**TASK INSTRUCTIONS**
Only the pictures should be left out; repeat the rest of the data exactly.
---------- EXERCISE DATA ----------
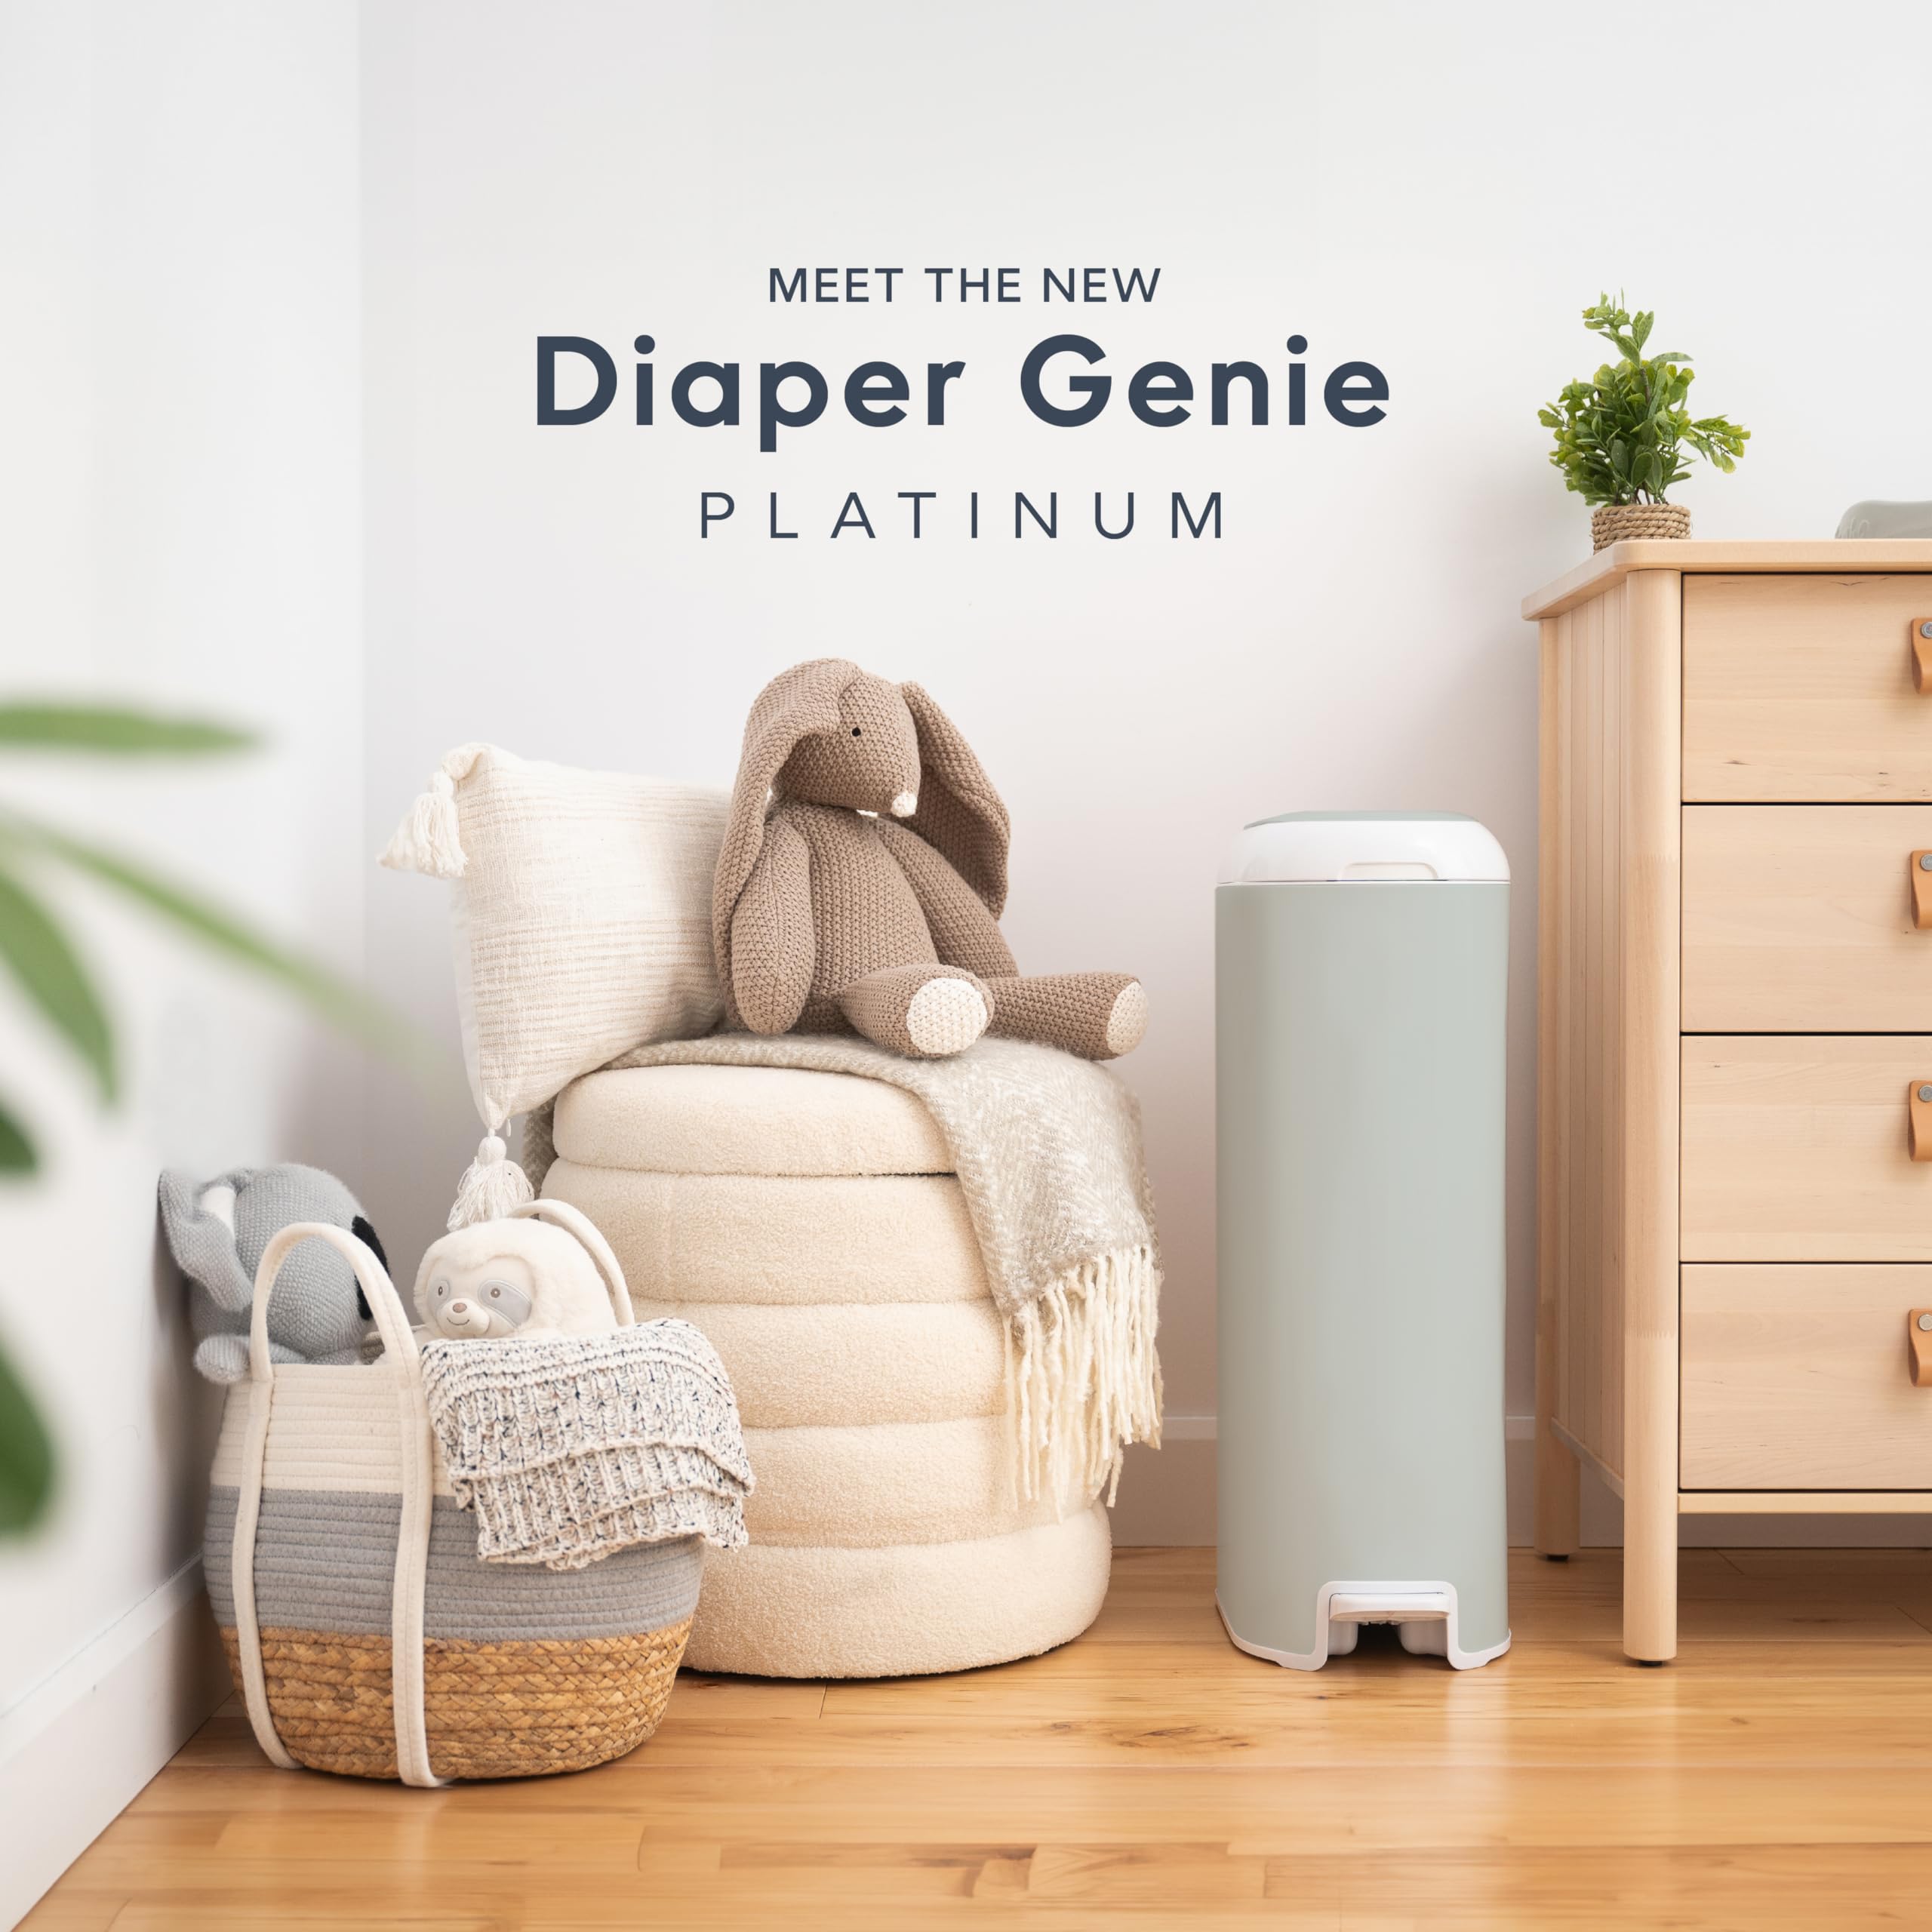 Diaper Genie Platinum Pail (Sage Green) is Made in Durable Stainless Steel and Includes 1 Easy Roll Refill with 18 Bags That can Last up to 5 Months.
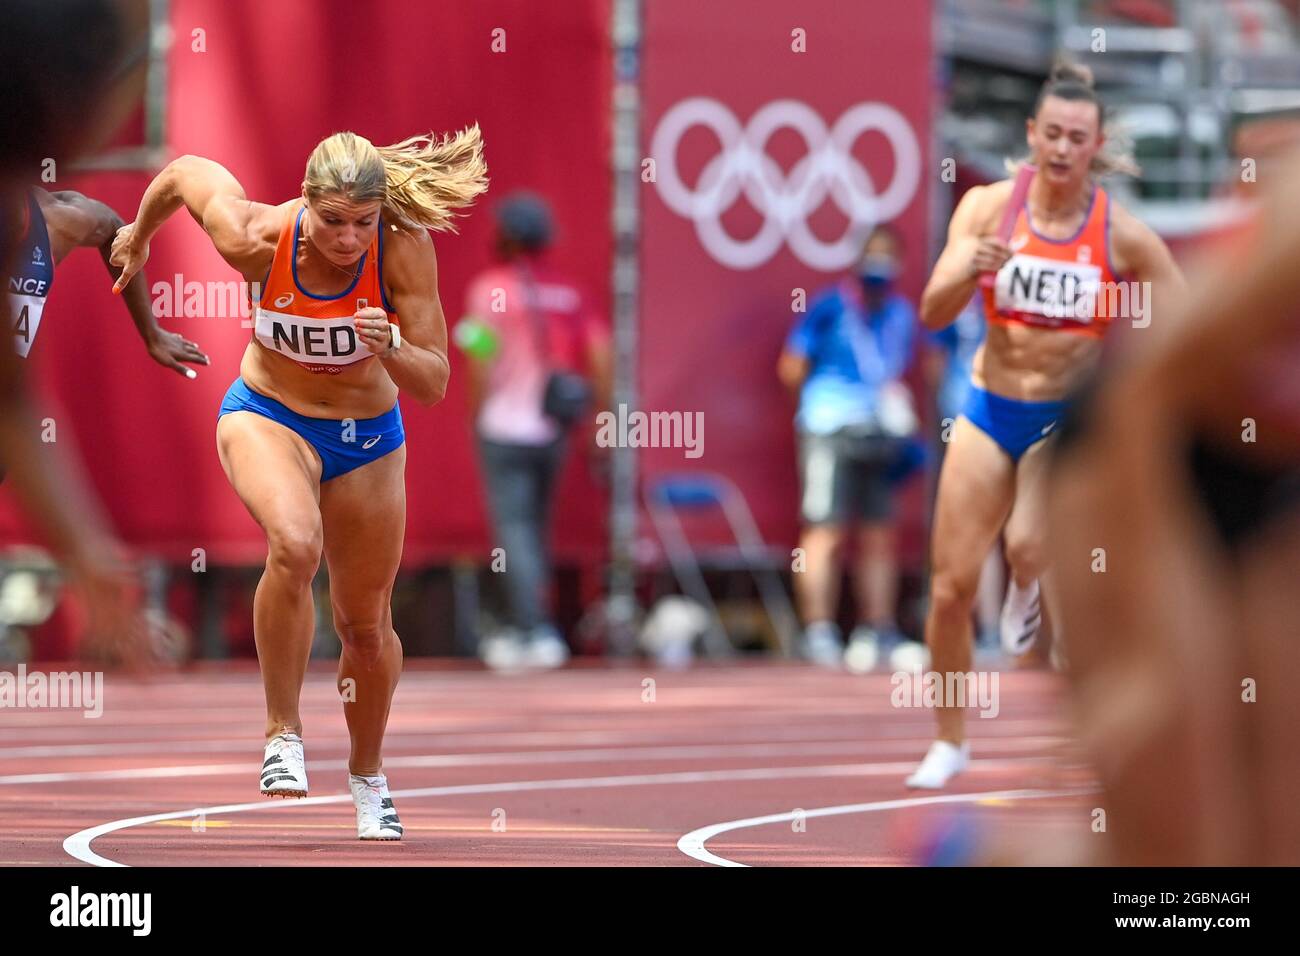 TOKYO, JAPAN - AUGUST 5: Dafne Schippers of the Netherlands competing on Women's 4x100m Relay during the Tokyo 2020 Olympic Games at the Olympic Stadium on August 5, 2021 in Tokyo, Japan (Photo by Andy Astfalck/Orange Pictures) NOCNSF ATLETIEKUNIE Stock Photo
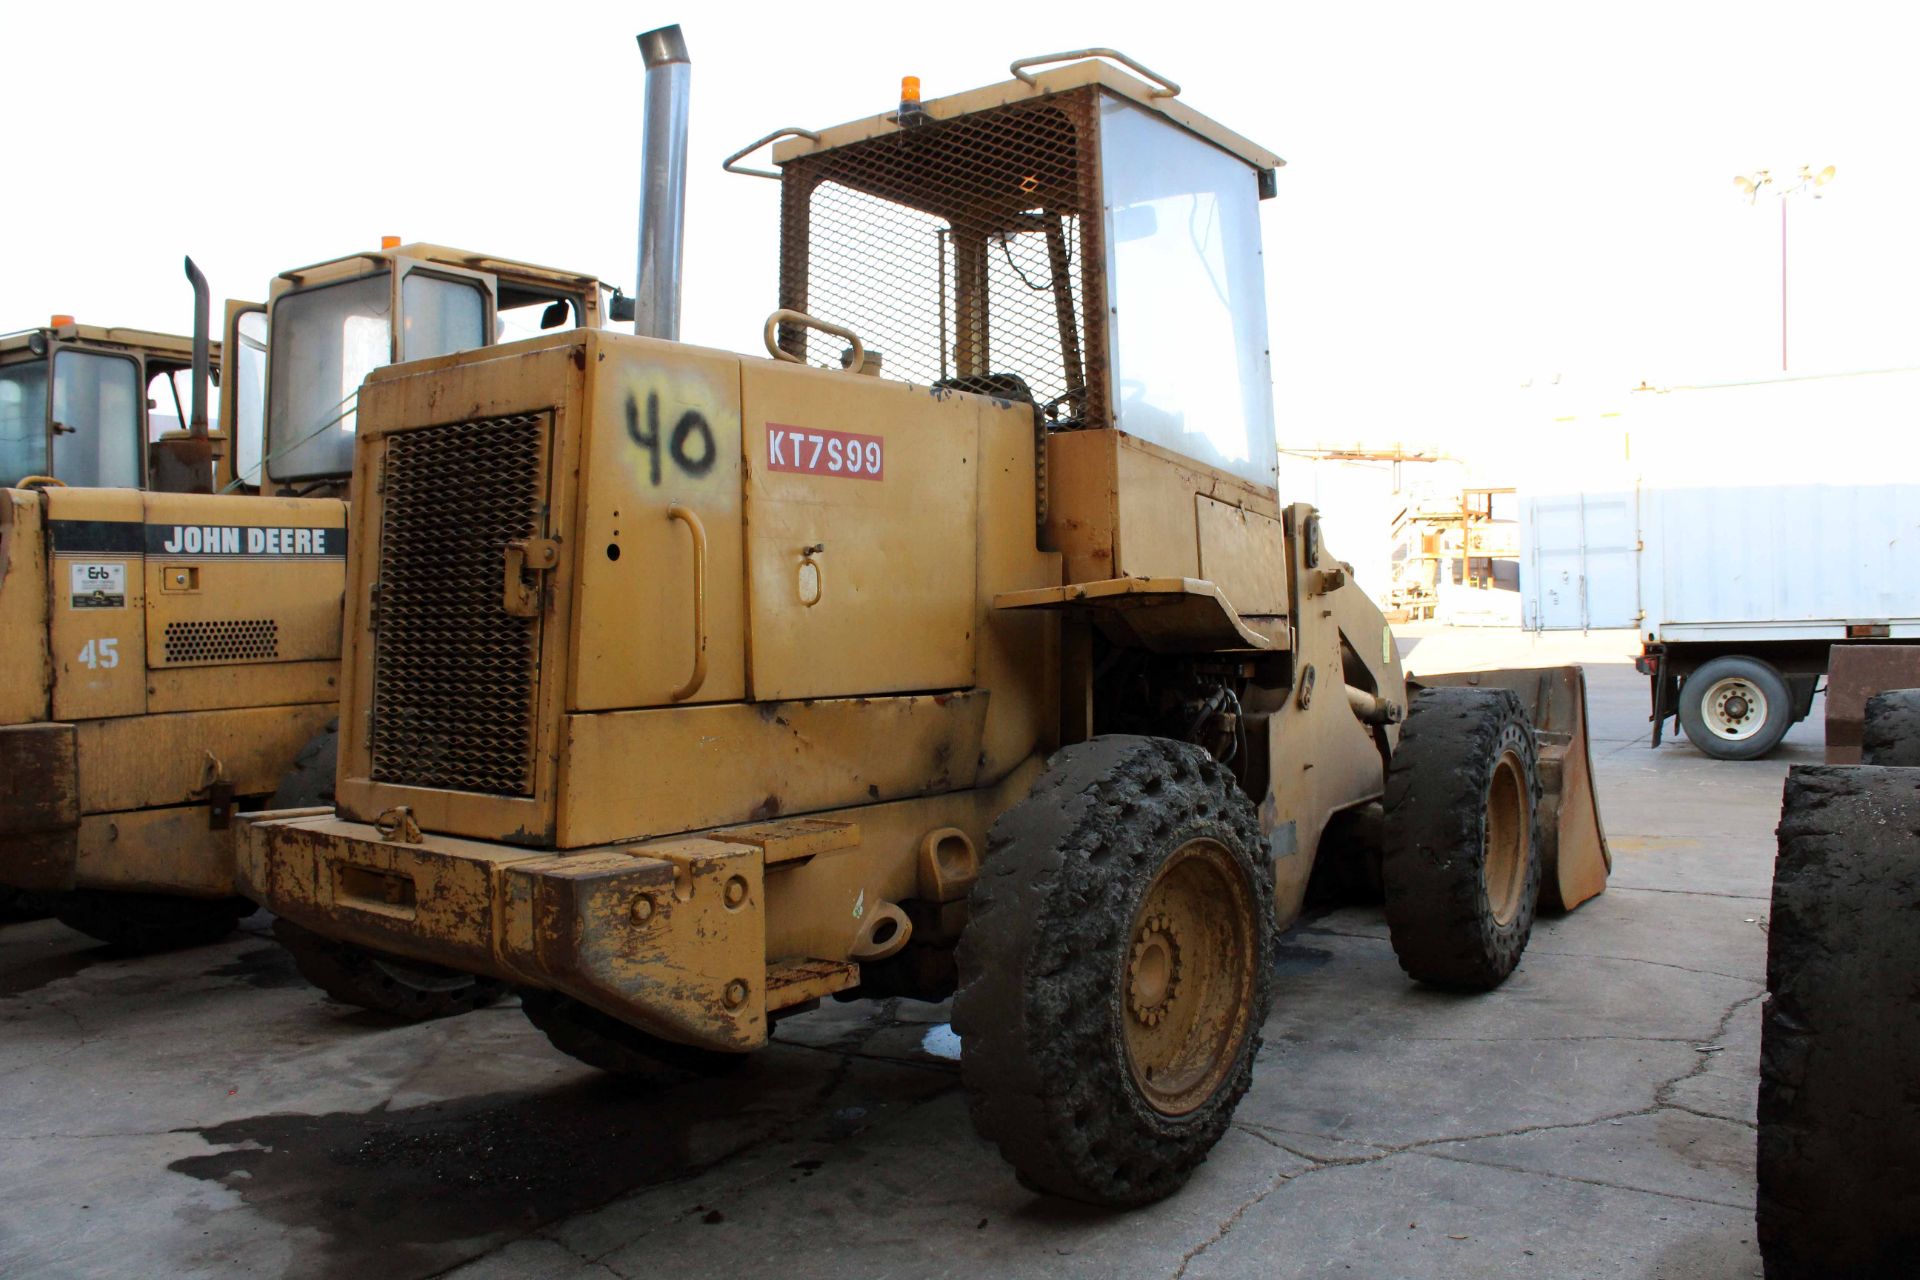 ARTICULATED FRONT END LOADER, CATERPILLAR MDL. H100XL, S/N 6MN00796 (Unit No. 40)
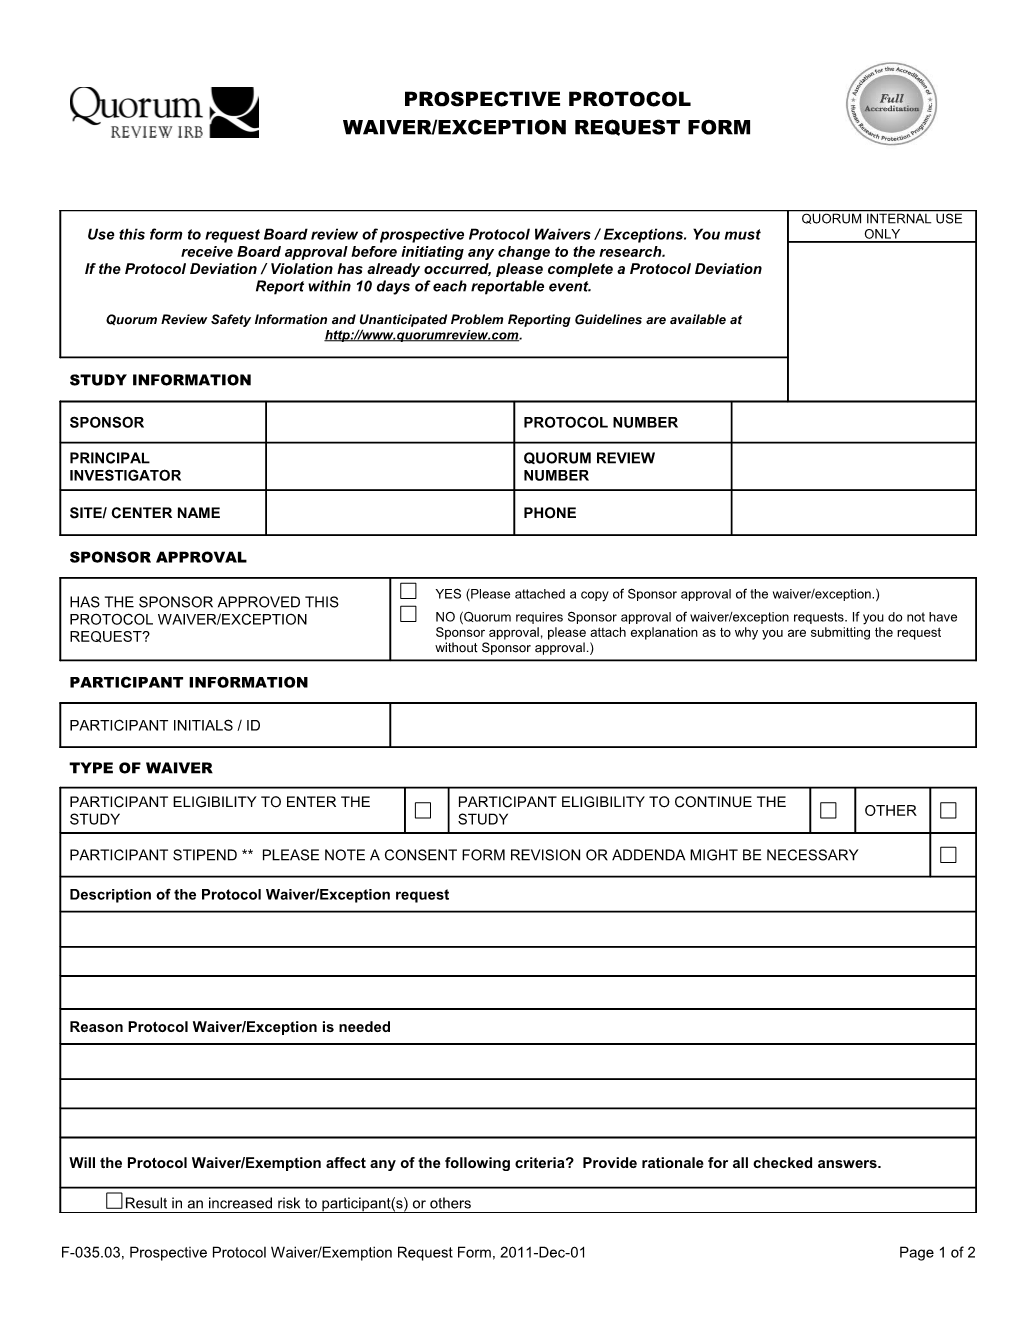 Use This Form to Requests IRB Review of Prospective Protocol Waivers / Exceptions
----------
**EXERCISE ANSWER**
 Diaper Genie Platinum Pail (Sage Green) is Made in Durable Stainless Steel and Includes 1 Easy Roll Refill with 18 Bags That can Last up to 5 Months.
 TOKYO, JAPAN - AUGUST 5: Dafne Schippers of the Netherlands competing on Women's 4x100m Relay during the Tokyo 2020 Olympic Games at the Olympic Stadium on August 5, 2021 in Tokyo, Japan (Photo by Andy Astfalck/Orange Pictures) NOCNSF ATLETIEKUNIE Stock Photo
 ARTICULATED FRONT END LOADER, CATERPILLAR MDL. H100XL, S/N 6MN00796 (Unit No. 40)
 Use This Form to Requests IRB Review of Prospective Protocol Waivers / Exceptions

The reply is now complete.